PROBLEM:
Copy the listing exactly, leaving out every picture.

SUPPLIED DATA:
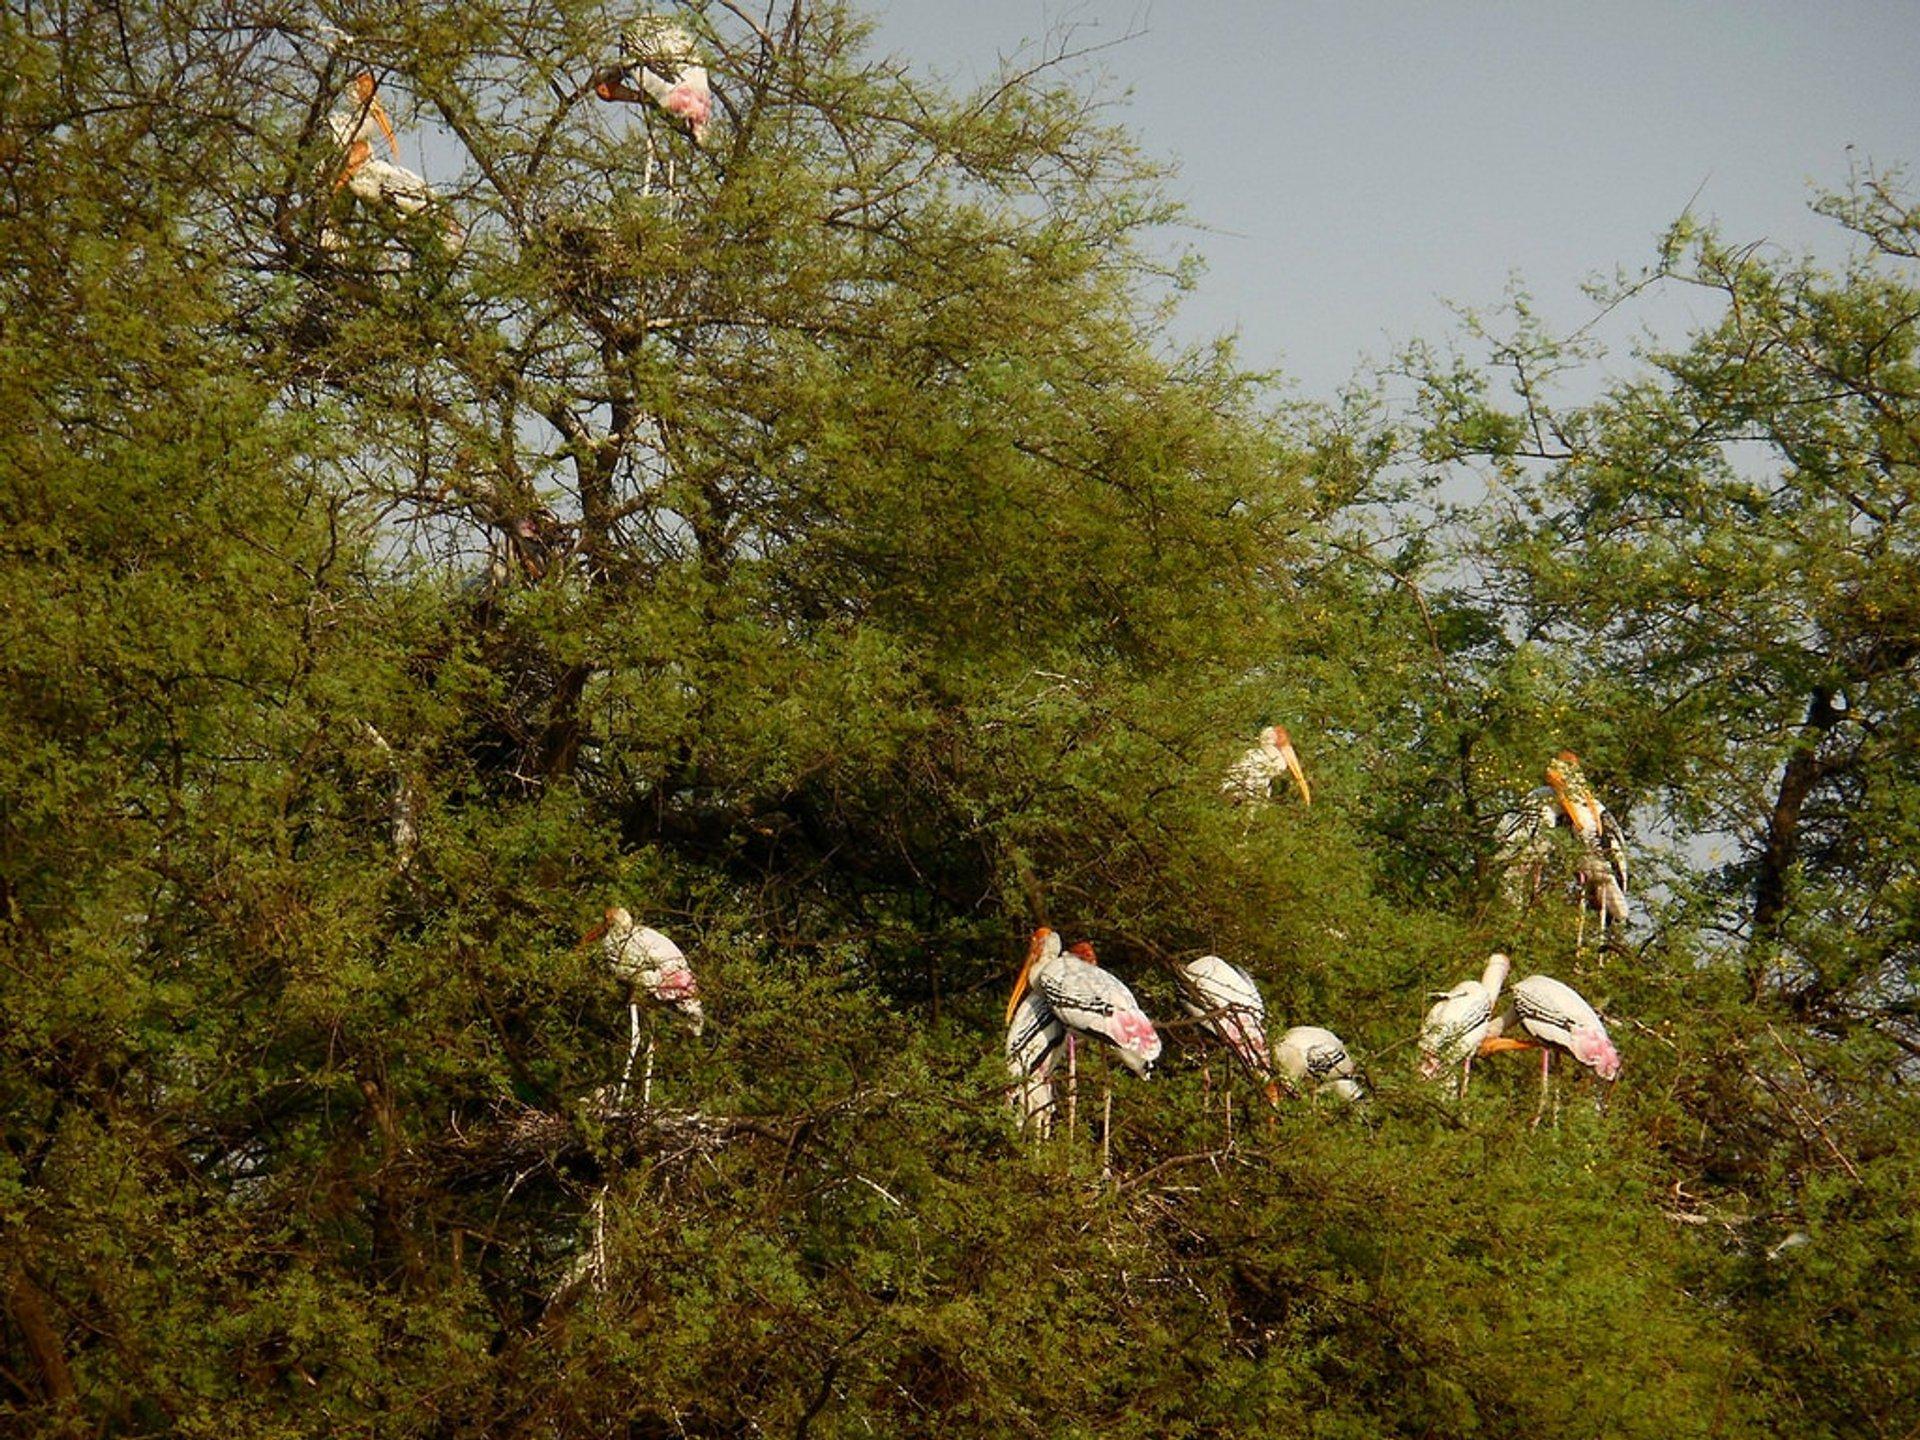 Storks in Keoladeo National Park 2020
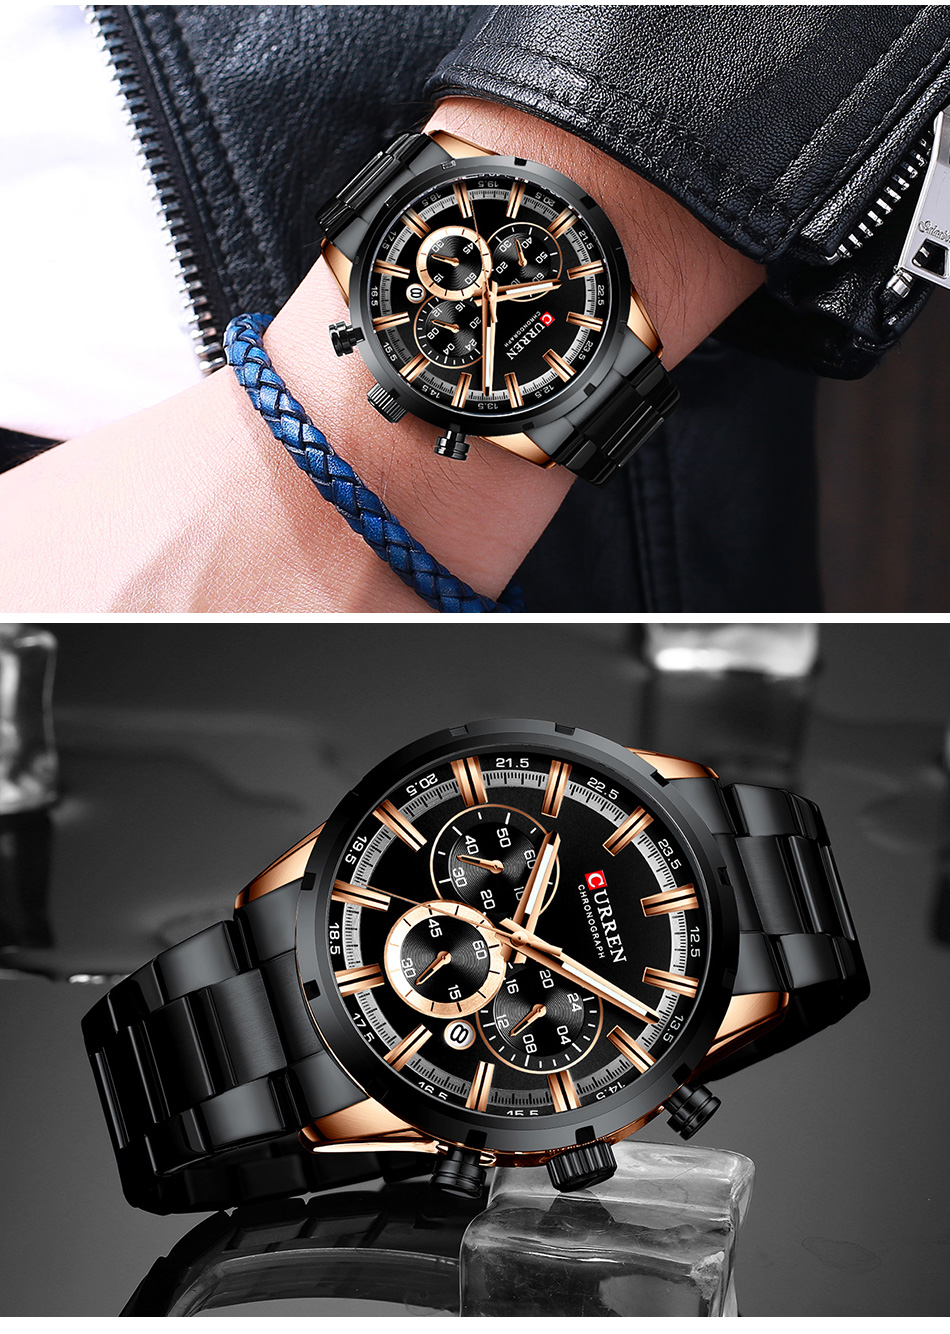 H295ef6ca65284c41b93486515f6de88cU CURREN Men Watch Top Brand Luxury Sports Quartz Mens Watches Full Steel Waterproof Chronograph Wristwatch Men Relogio Masculino
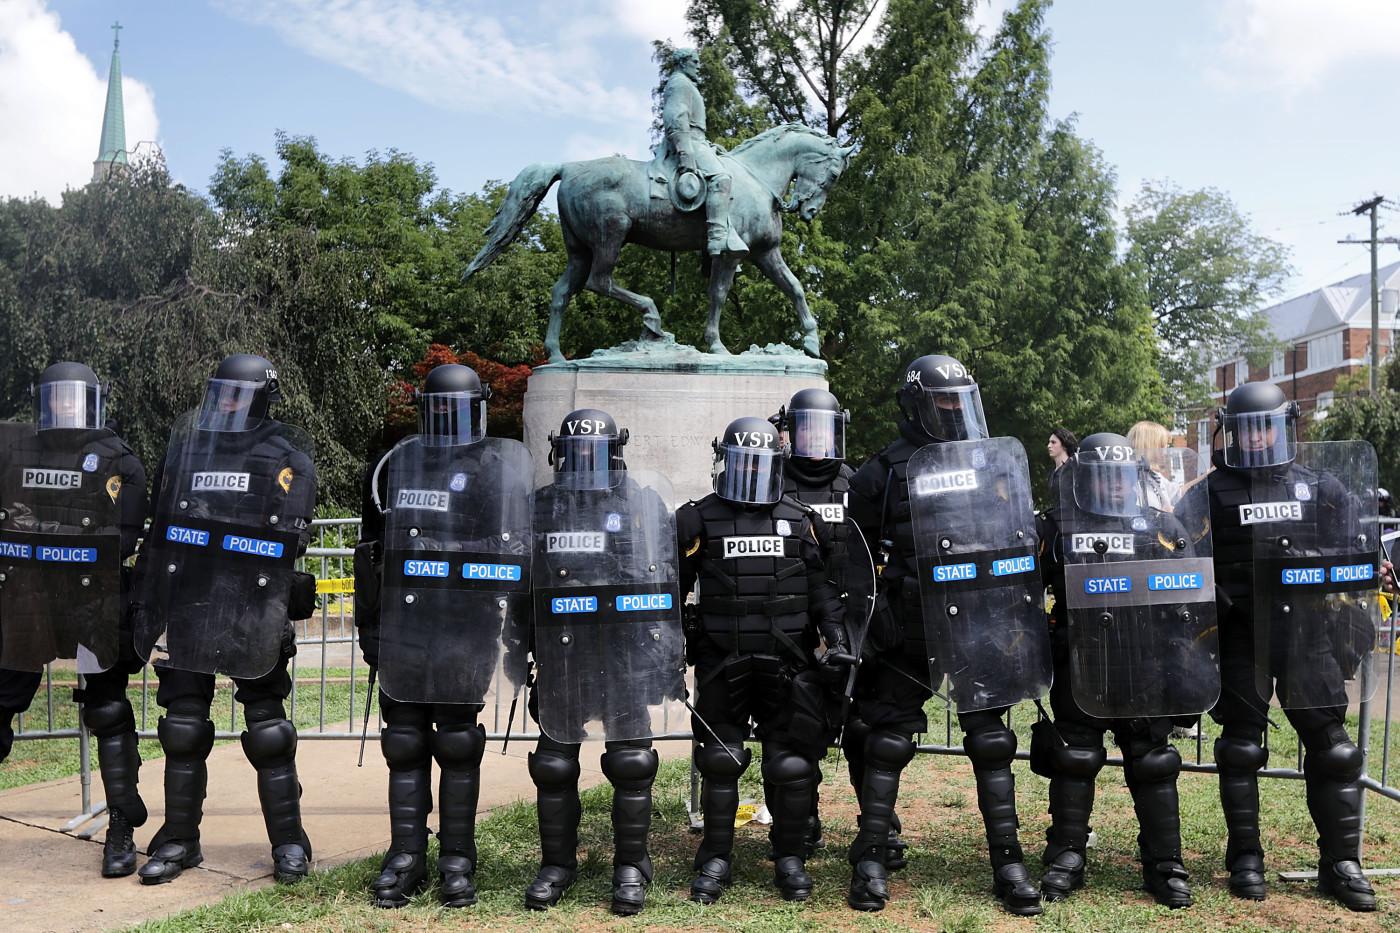 Virginia State Police

ANSWER TO THIS PROBLEM:
 Storks in Keoladeo National Park 2020
 H295ef6ca65284c41b93486515f6de88cU CURREN Men Watch Top Brand Luxury Sports Quartz Mens Watches Full Steel Waterproof Chronograph Wristwatch Men Relogio Masculino
 Virginia State Police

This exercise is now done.